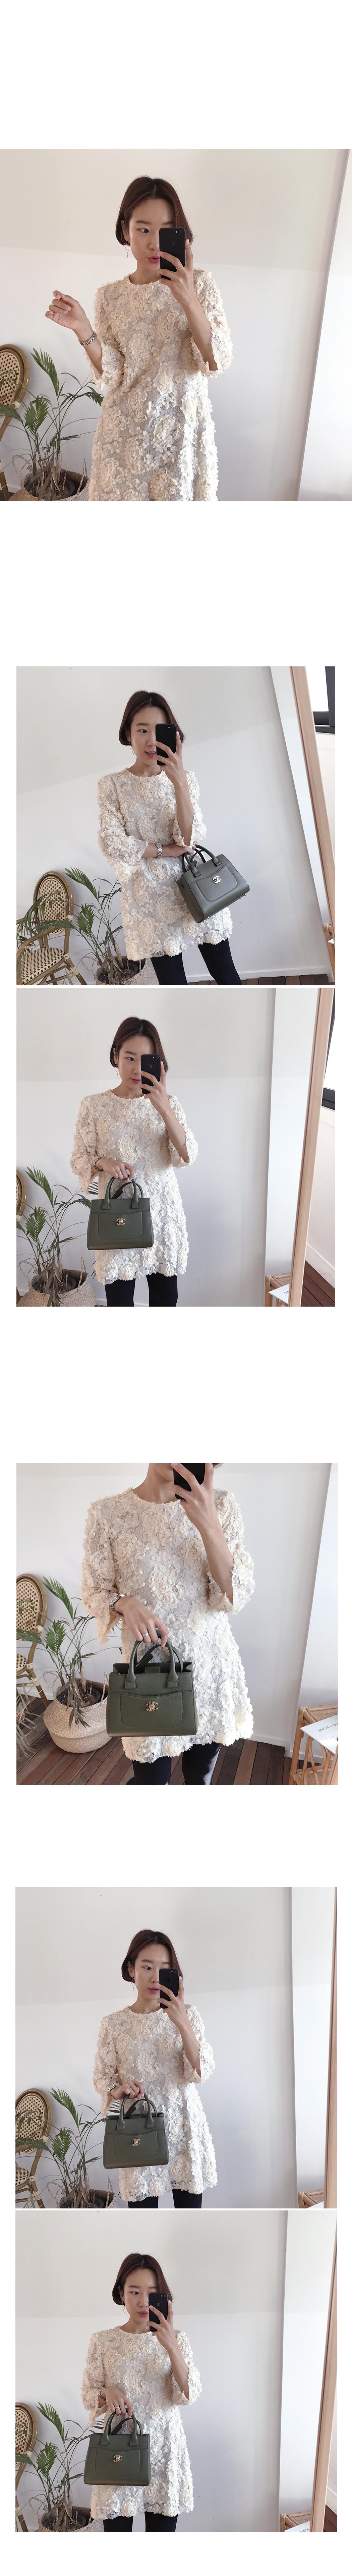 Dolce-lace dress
== == ==
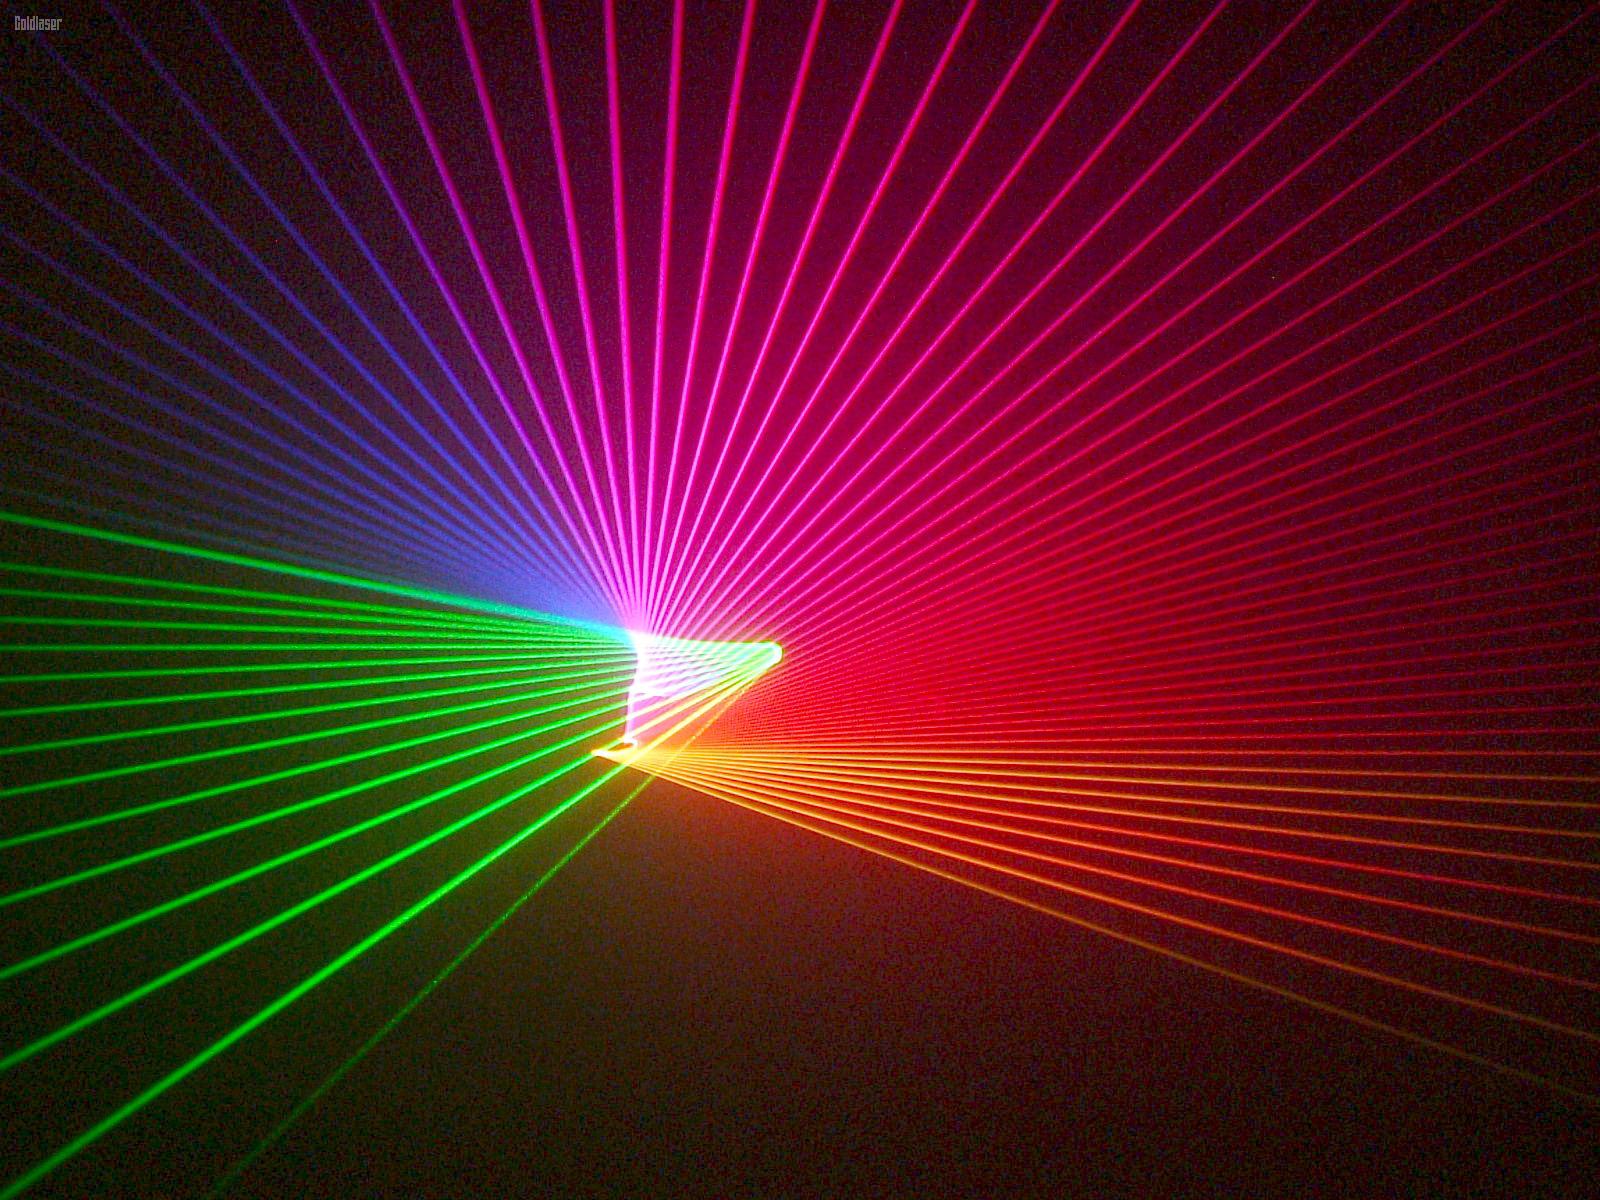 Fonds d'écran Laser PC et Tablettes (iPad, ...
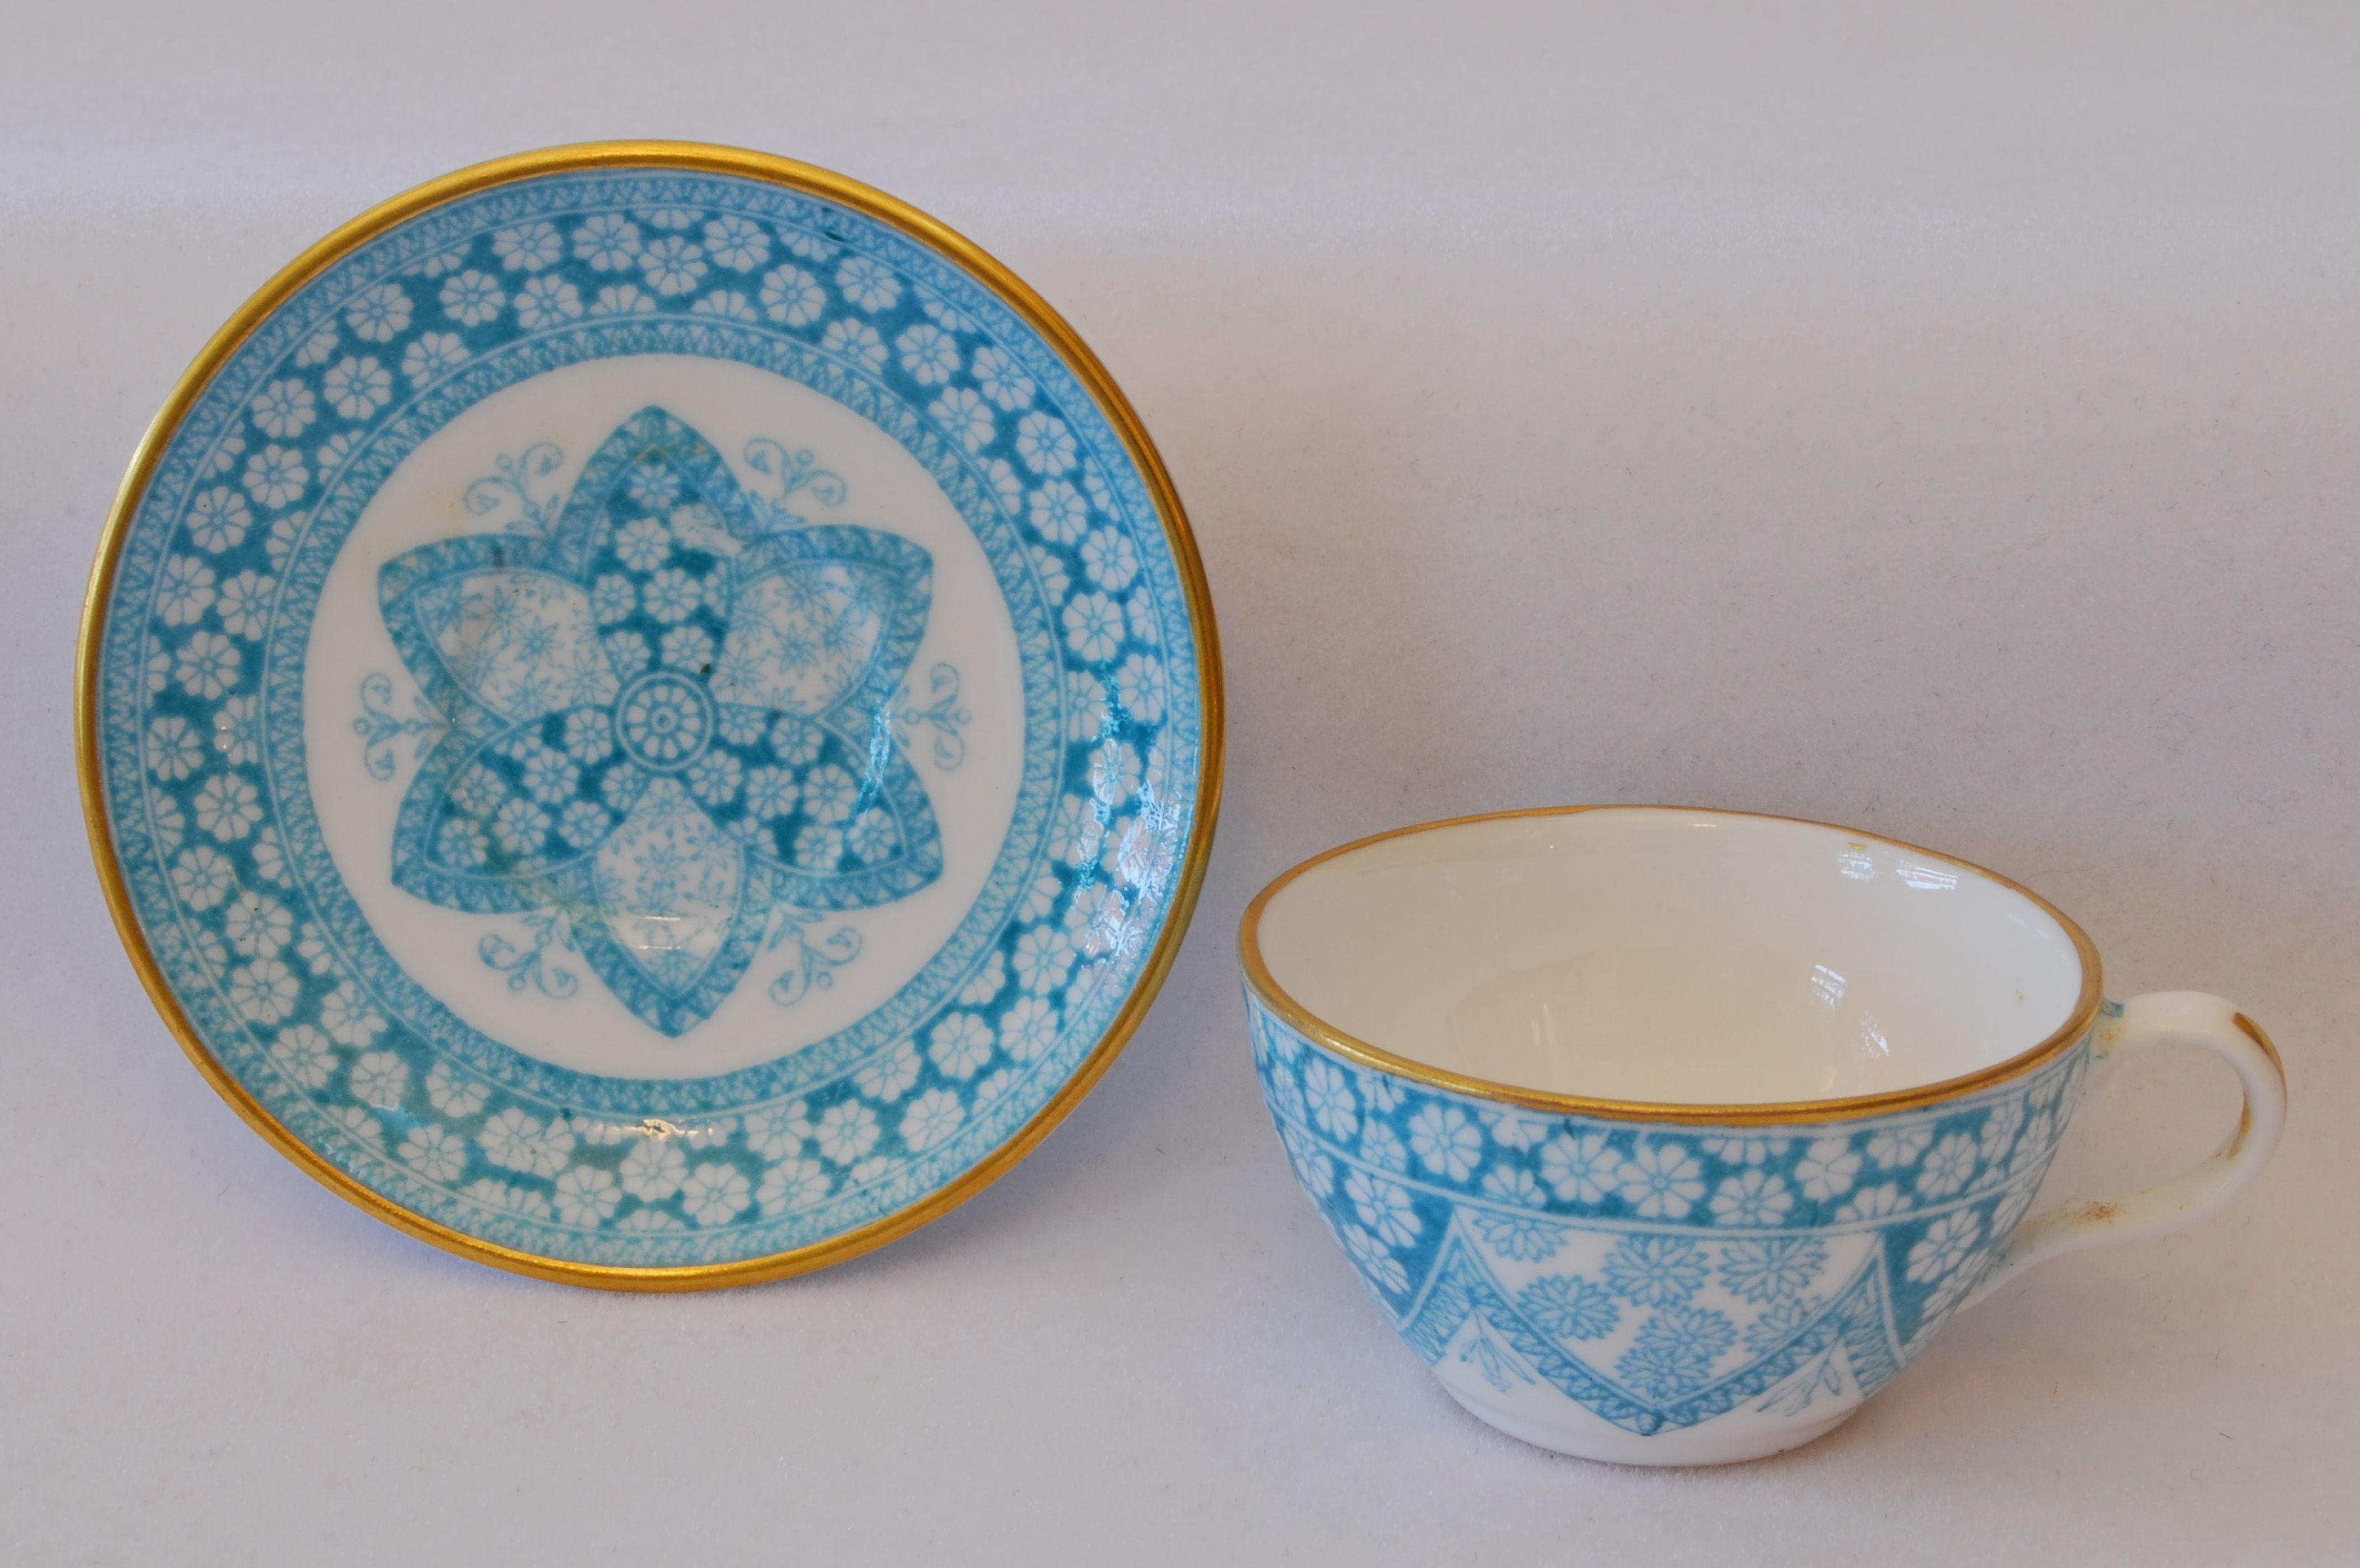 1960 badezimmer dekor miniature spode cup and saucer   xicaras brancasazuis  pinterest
== == ==
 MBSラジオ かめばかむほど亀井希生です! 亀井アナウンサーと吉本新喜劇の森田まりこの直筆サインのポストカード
== == ==
Your answer should be the lines above, word for word, from the line with "Fonds d'écran Laser" through the line with "1960 badezimmer dekor", minus the pictures.

| ANSWER TO THIS TASK |
 Fonds d'écran Laser PC et Tablettes (iPad, ...
 1960 badezimmer dekor miniature spode cup and saucer   xicaras brancasazuis  pinterest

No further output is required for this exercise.